Aim of the exercise: Word for word, copy the line that contains "Schloss Rothschild - Kasteel in Oostenrijk" and each line after it in the data below. Pictures stay out of the copy.

Provided material:

-----

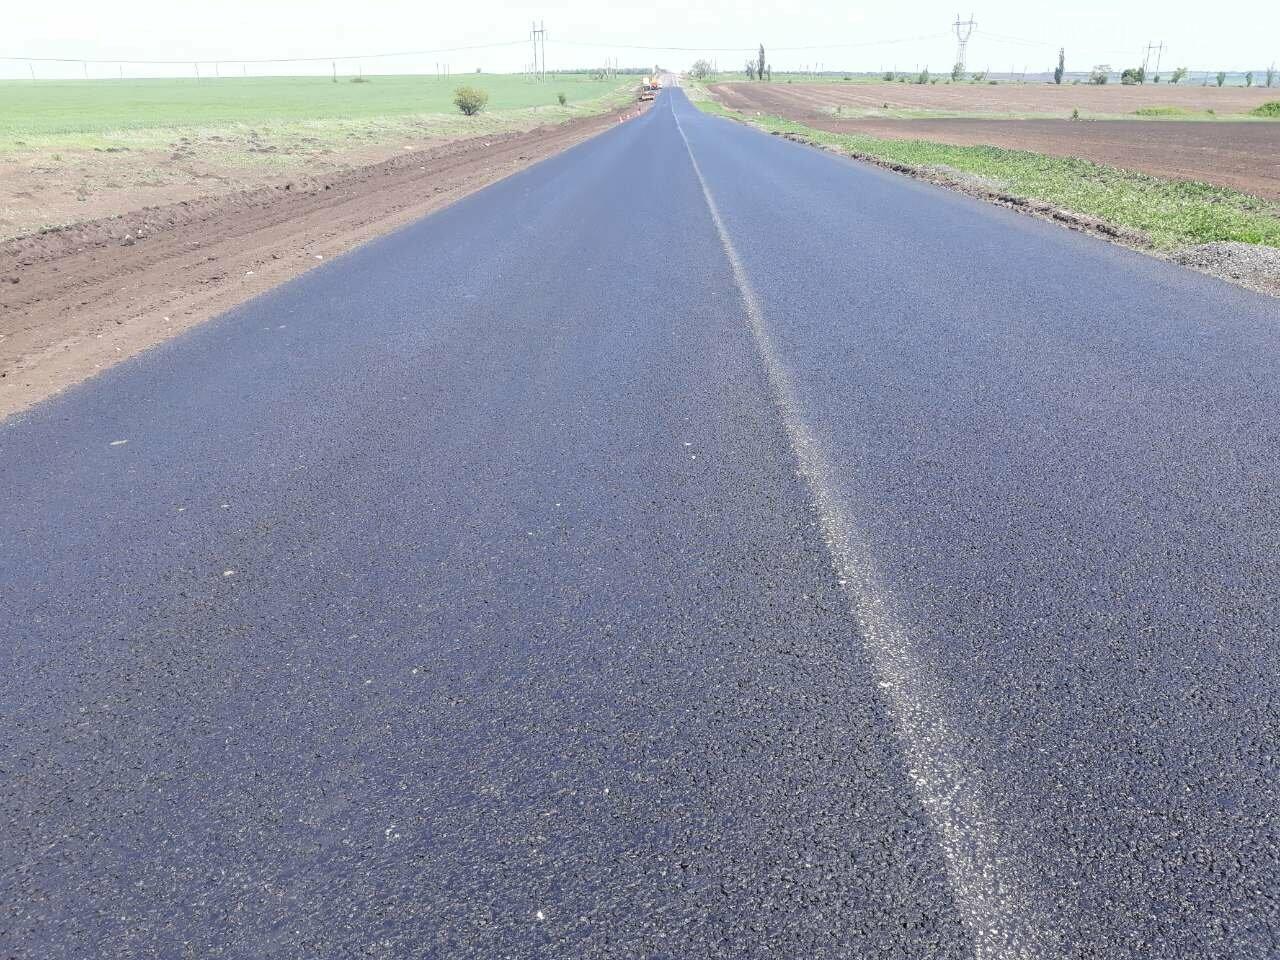 Безпека руху: між Мирноградом та Костянтинівкою відремонтовано 4 км національної траси Н-32, фото-3
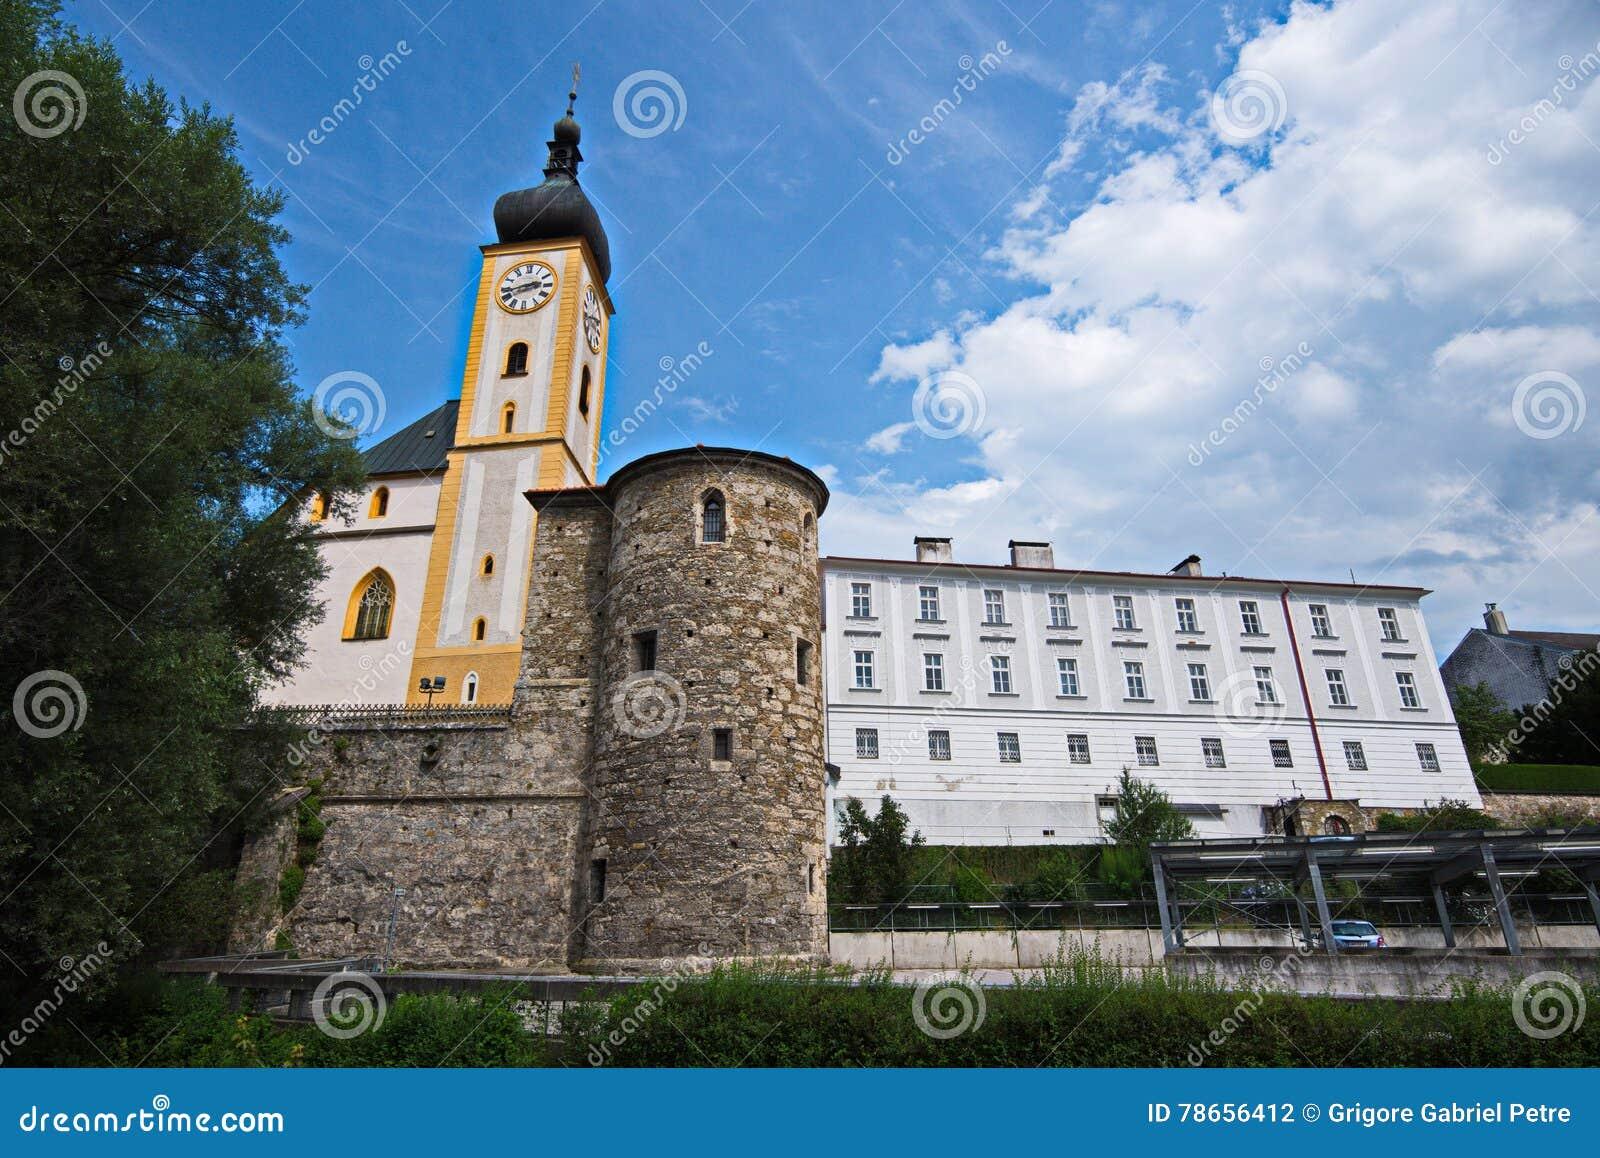 Schloss Rothschild - Kasteel in Oostenrijk
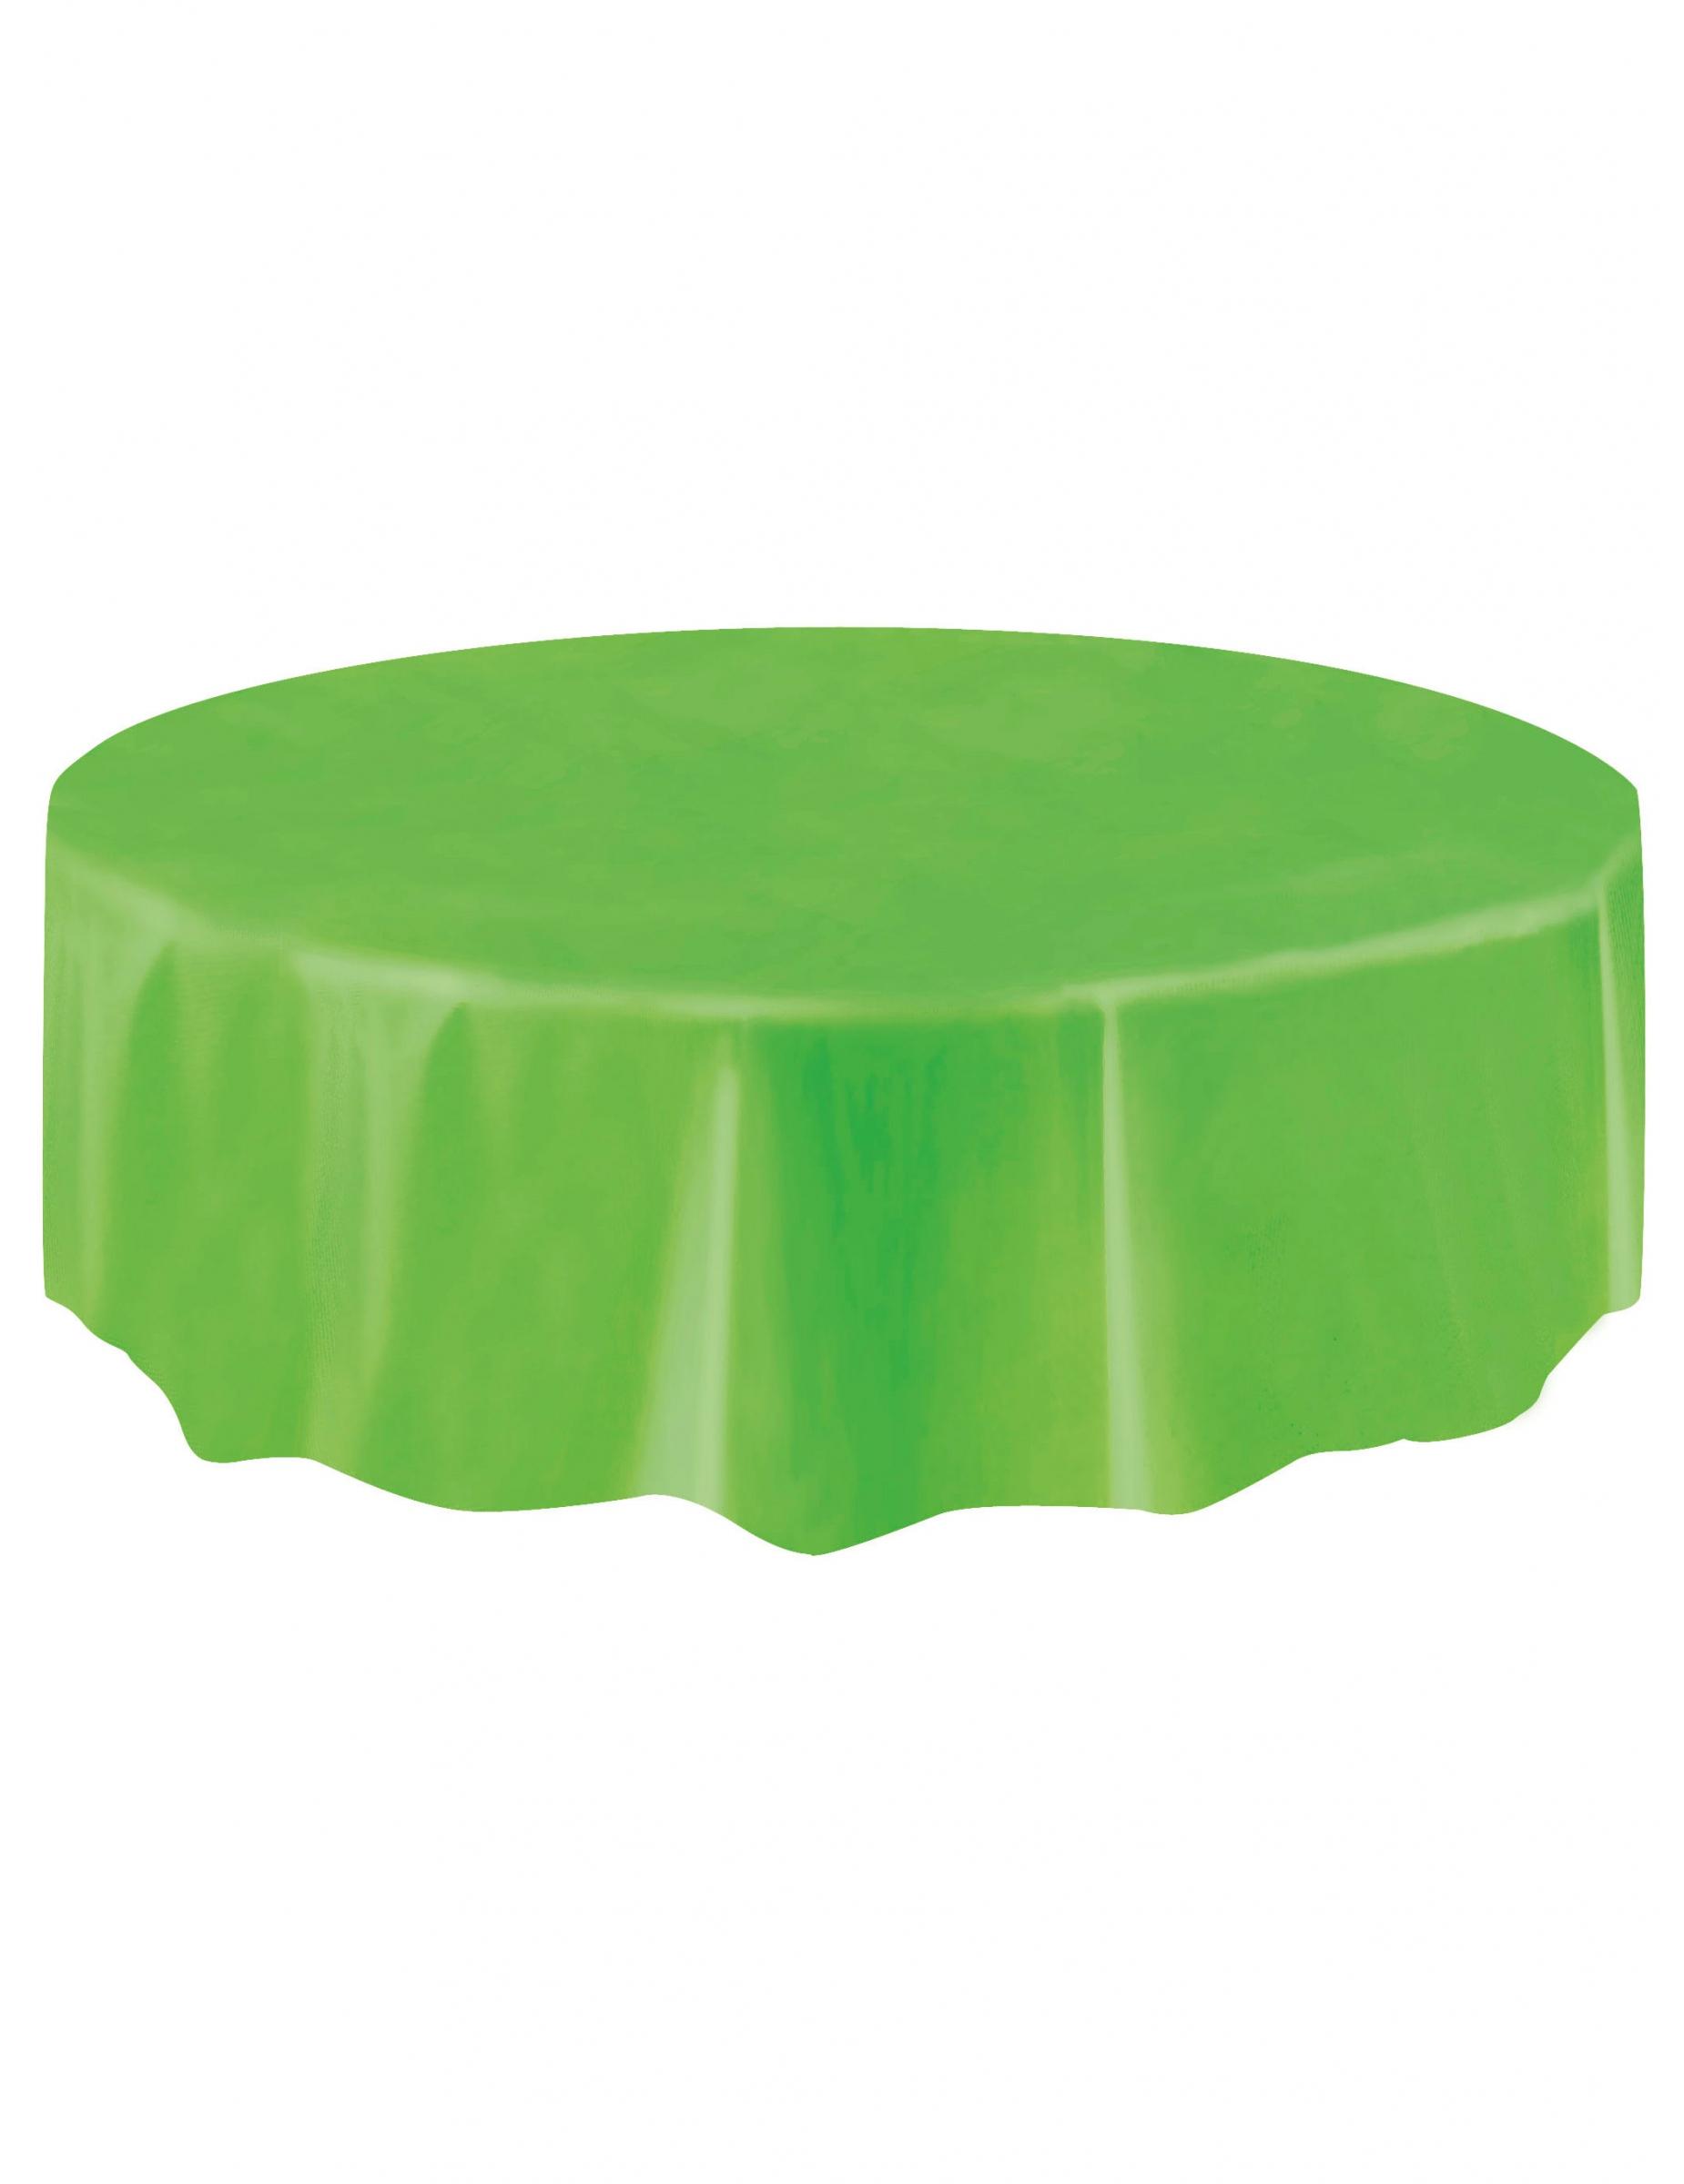 nappe ronde en plastique vert citron deguise toi achat de decoration animation. Black Bedroom Furniture Sets. Home Design Ideas
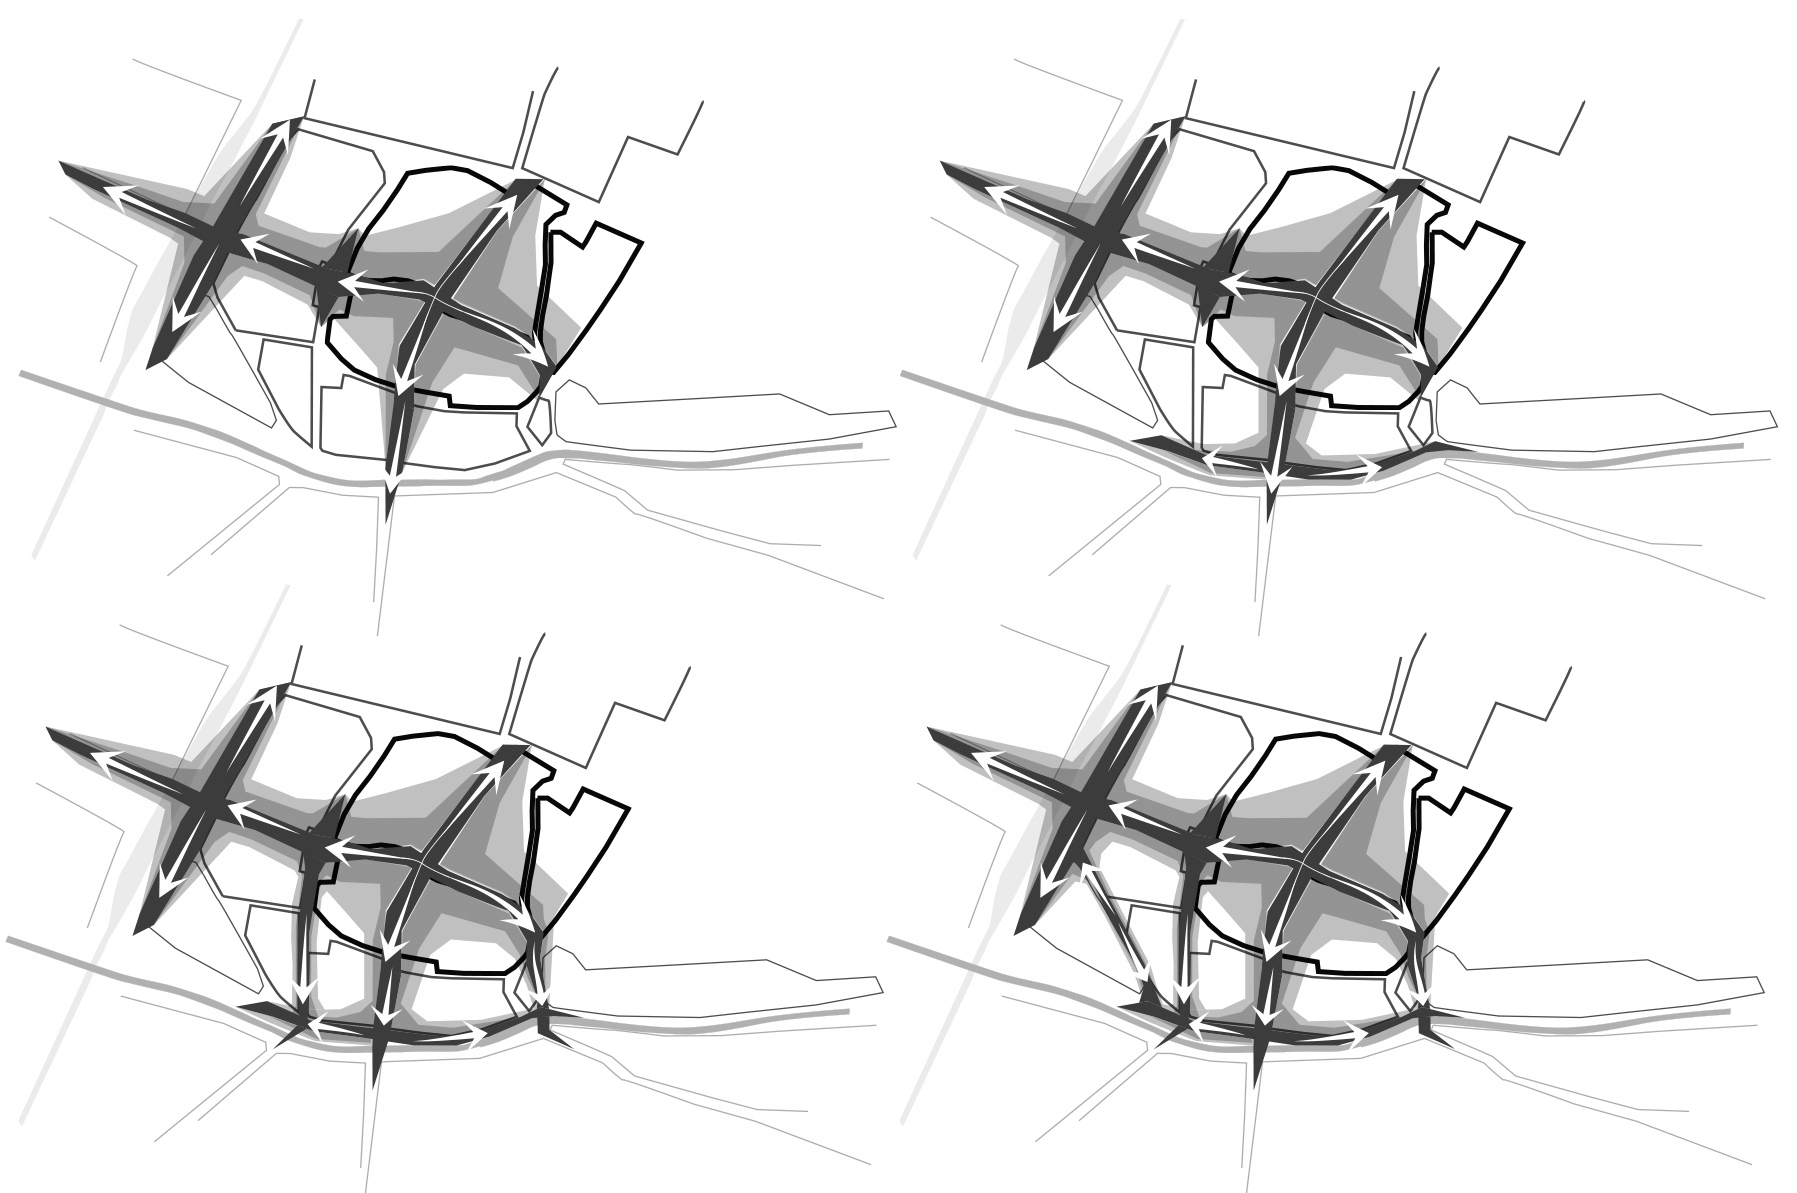 Architektur_offizin-a_Projekte_Stb_Freiburg_02.jpg

-----

Solution:
 Schloss Rothschild - Kasteel in Oostenrijk
 nappe ronde en plastique vert citron deguise toi achat de decoration animation. Black Bedroom Furniture Sets. Home Design Ideas
 Architektur_offizin-a_Projekte_Stb_Freiburg_02.jpg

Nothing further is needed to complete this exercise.